As McGurk spoke, Neville studied the young man’s expression as the words sank in, seeing shock, incomprehension and in equal measure.

‘This ain’t true,’ he whispered.

‘I’m sorry,’ she countered, ‘it is. Your father, his brother and their uncle were all murdered, by or on the orders of the same people. It was an underworld thing.’

‘Are you telling me my father and his kin were all gangsters?’ Marlon gasped.

‘The uncle thought he was, but he was out of his depth. Your father’s brother was a stupid little boy, fifteen years old, but he wanted to be one. As for your father, he was somebody who kept the wrong company, and it got him killed.’

‘Fifteen years old?’ Marlon repeated. ‘What happened to him?’

‘He dealt drugs for his uncle to kids at his school, and they were caught; to the people who supplied them, that was a capital offence.’

‘Who were these people? The ones who killed them?’

‘That doesn’t matter,’ McGurk told him. ‘It’s ancient history now.’

‘And what about this grandma you say I’ve got?’

‘Well, that’s the thing,’ Martin said. ‘I’m afraid that she’s followed the pattern. It’s her murder we’re investigating. Her remains were found in the river a couple of weeks ago.’

‘You mean the dead woman who’s been in the papers? The body on the island? That was her?’

‘I’m afraid so.’

‘God!’ he gasped.

‘That’s why I have to ask you again.

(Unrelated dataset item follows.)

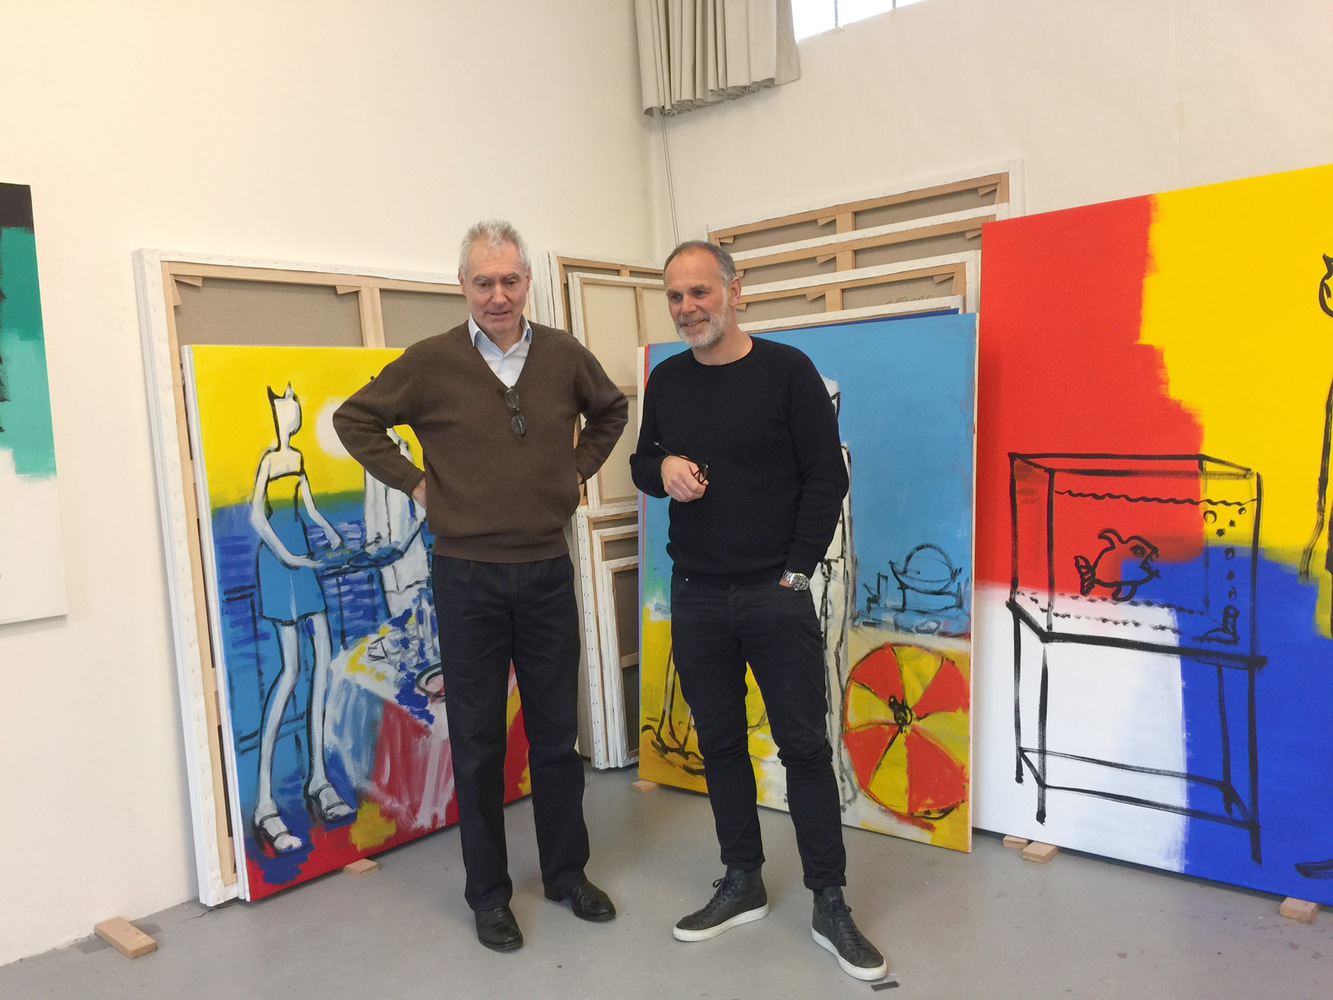 Alain SECHAS - Trottinette, 2018 -  Réunion de travail avec Alain Séchas et Jérôme Arcay dans l'atelier de l'artiste à Paris, le 27 février 2017

Did you know of her, and have you ever visited her?’

‘No,’ he insisted, ‘never. Honest,’ he added. ‘Why? Has somebody said I did?’

‘No,’ McGurk replied, ‘but just in case our bosses ask us to prove that to their satisfaction, we’d like you to give us a sample of your DNA. Would you agree to that?’

‘What? You mean like blood?’

‘No,’ Neville reassured him, ‘just a saliva smear from your mouth. We can take it right here.’ She reached into her bag and took out a sealed spatula, and a plastic envelope.

The young man glanced around, checking that no one was watching.

‘I can take it from you in the toilet if you’d rather,’ McGurk offered.

‘No. Let’s do it here.’

Following the sergeant’s instructions, he opened his mouth and let her swab the inside of his cheek, then watched as she bagged the sample and put it away.

‘Do you tell me when you get a result?’ he asked.

‘No, it’s not like that,’ she replied. ‘You’re giving it to us for elimination only and you haven’t committed a crime, so it won’t be kept on the national database.’

Marlon shrugged. ‘It’s nothin’ to me. As long as it don’t mean I have to be a Watson, that’s okay.’